My savings were considerable by the time my father caught me kissing the neighbour girl and kicked me out of my childhood home. “The big house”, is what the married siblings had taken to calling it, the building I now consider to be a sort of single-family cult compound. I wasn’t like the neighbour girl, I didn’t have the kind of unconditional love that sparked in her parent’s eyes when they looked at her. Part of me actually wanted to see my father’s eyes fill with tar-black disgust when he caught me, part of me wanted my suspicions to be undeniably proven, and they had been. I didn’t even love her. She was just pretty, in the typical way that farmer’s daughters are. She hadn’t been wrung through The Institute of Basic Life Principles like a bleached and washed towel. Sadie was warm in a real way that I could feel. That’s all I needed.

Once I was out I was out. However, my married siblings couldn’t be prevented by my parents from contacting me, my married sisters, husbands allowing of course. I just couldn’t be allowed to corrupt the ones still living at home. With so many siblings varying wildly in age it was difficult to be close with all of them anyway. Of the fourteen other children born into my family I was still in contact with a grand total of three at the moment. I sent them all letters on beautiful French stationery, sometimes unintentionally stained with wine, or intentionally spritzed with French perfume. Sometimes I pressed in a flower. It felt very old-fashioned but in a fashionable, deliciously worldly way.

Cafe in Paris, 2018

The first thing I did upon my hasty flight from the big house was to buy myself the newest smartphone. It was a treasure, a little refuge for my caged brain. Something I could fill with photos of the new places I saw. Fragments of poetry I thought of while on a stroll. And when I had my odd, quiet panic attacks on the bus, I could fill my head with bouncing jazz to soothe myself. Any music that wasn’t related to the faith was banned in my home and jazz held the possibilities of my new life in every effervescent note. My new phone held a wealth of possibilities too, it helped me navigate my new reality which had so recently exploded into vivid colour and dizzying complexity. It helped me figure out how to get a flight to Paris. It gave me access to dating apps which I had been so far too nervous to try.

June had bloomed into sizzling July before I found the blind dating app. It was a premium service, but I had since started my own online shop for my cross-stitch designs and was well on my way to finding a small apartment with a spare room to run my business out of. One white hot day, I’d had an interview with a matchmaker at a stylishly modern office on Rue Dutot. Now the agency knows everything about me and I am preparing for a date with somebody I know absolutely nothing about. Nervously, I sip my room-service wine. A Merlot that reminds me of almond tarts and cherry jam. Wine made my eyes water mere weeks ago but now I close my eyes and try to discern every hidden facet of it’s flavour. Perhaps a hint of bay leaf at the end of that first sip. How could wine be entirely evil? I can taste the affection and care that was put into this intricate collection of flavours.
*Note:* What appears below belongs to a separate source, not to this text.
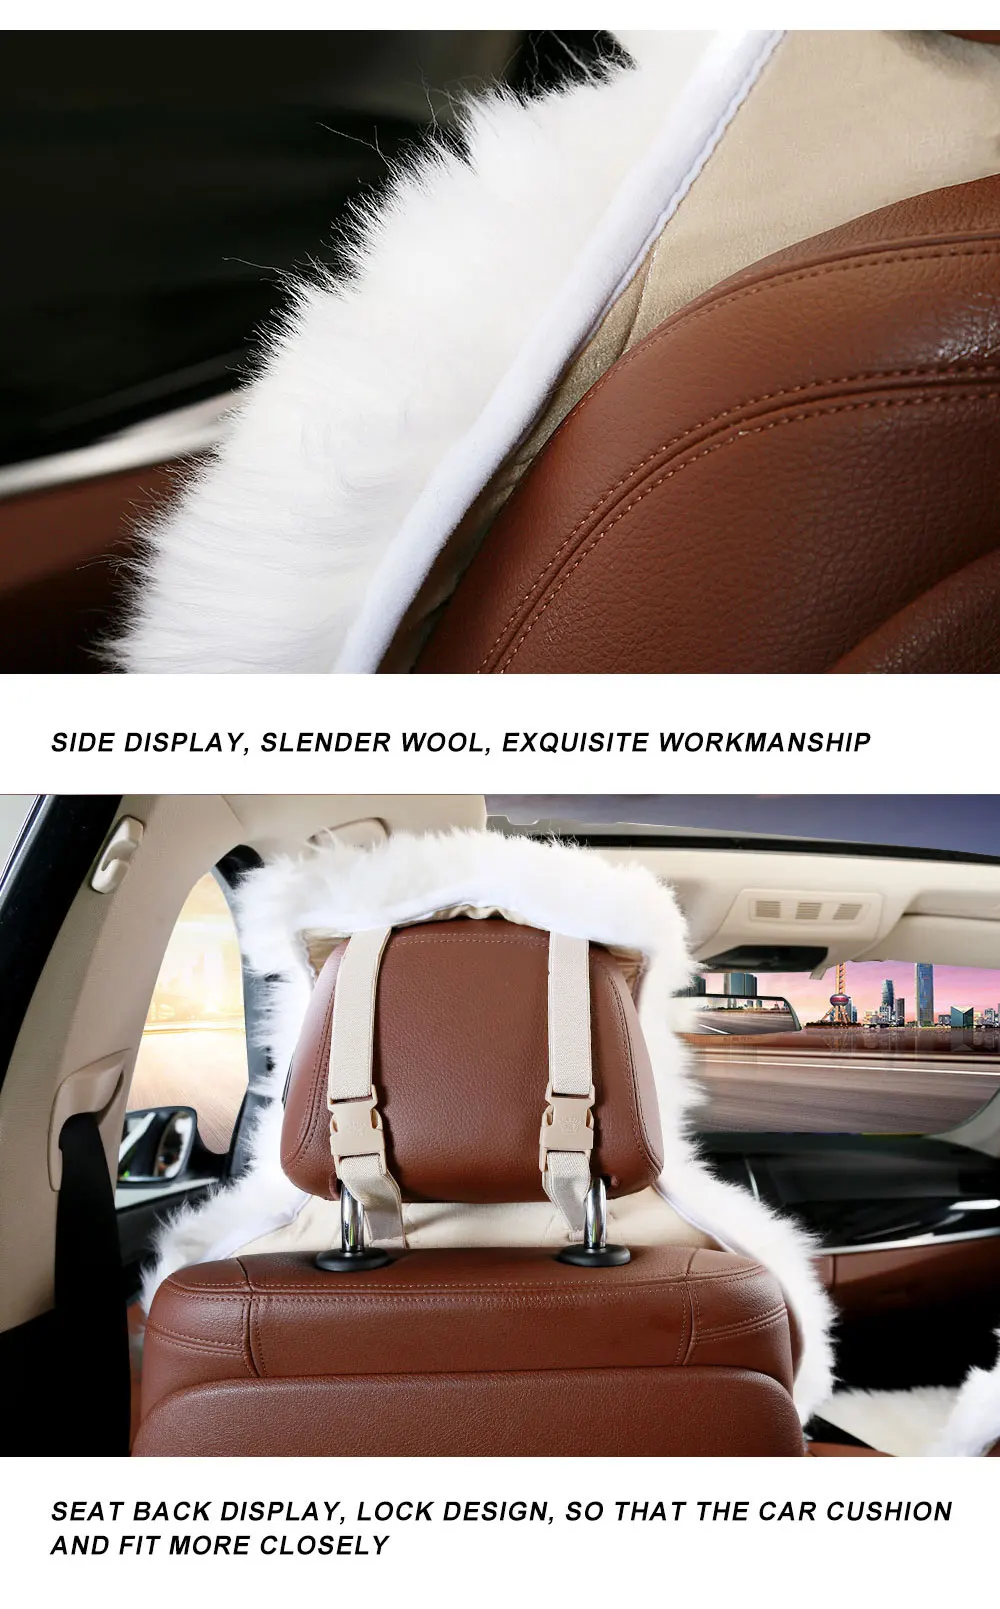 2pcs Natural fur sheepskin car seat cover seasons 3 colour front seat cover for car peugeot 206 for car volvo s40 for car ix25

A slight buoyancy is all I need from the two glasses I sip before slipping out the door. Cashmere cardigan thrown about my shoulders like I’ve seen effortlessly stylish girls do on rainy nights. Umbrella at the ready. The image of a tall, slender young man, with a mop of chestnut curls slinks into my mind’s eye. Maybe he’ll have green eyes, or grey, maybe he’ll be a local with a knowledge of all the city’s most intriguing historical sites. The address that was texted to me by the dating-service agent is entered into my navigation app. An eight minute walk. Eight minutes until I either have a very awkward first date or I trip down that first step into romance. A feeling I may not know even if it hits me since I have only ever read about it.
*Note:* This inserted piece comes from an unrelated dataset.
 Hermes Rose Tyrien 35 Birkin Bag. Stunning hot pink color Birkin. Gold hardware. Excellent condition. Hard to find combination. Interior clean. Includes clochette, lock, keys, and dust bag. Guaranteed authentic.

The air is warm and heavy, the early evening sun escapes through the cracks in the cloud cover to glaze the world below with honey. The foot traffic is slowly increasing as the sun draws people away from their hasty sheltering spots. The scent of petrichore perfumes the air. I turn a corner and my destination comes into view beside a small grocery store with bins of apples lining the front. Spanish tapas in France, to a tourist I find it a little funny but I can already smell the enticing melody of aromas coming from inside. I tell the hostess my name and she gives me a knowing grin before leading me through the restaurant and into a courtyard full of twinkling lights. She definitely knows the reservation was made through the blind dating app. I blush.

Found Rose, 2018

Under a young cherry tree, drooping with the weight of it’s own fruit, sits the girl with the permanent sunbeams in her hair. She gives me a casual wave and a calm smile that sends nervous energy fizzing through my veins. I was assured I’d be matched with someone who speaks English well and that they would meticulously calculate our compatibility. I was not, I now realized, promised any gender in particular. I had been honest about my bisexuality in my application and somehow, this elegant, glowing girl had ended up on a date with an Alabaman ex-fundamentalist who had only ever kissed a girl in secret. Suddenly she’s standing and offering me her manicured hand. Her fingernails are painted like the petals of violets.

“Amanda” she grins.

“I’m Faith.”

She sits, looking up at me through full lashes as she does. She seems to have a slight New York accent and because I can’t think of any other way to break the ice I laugh a little and say “Oh, so I see how it is. They put the two Americans together and called it a day!”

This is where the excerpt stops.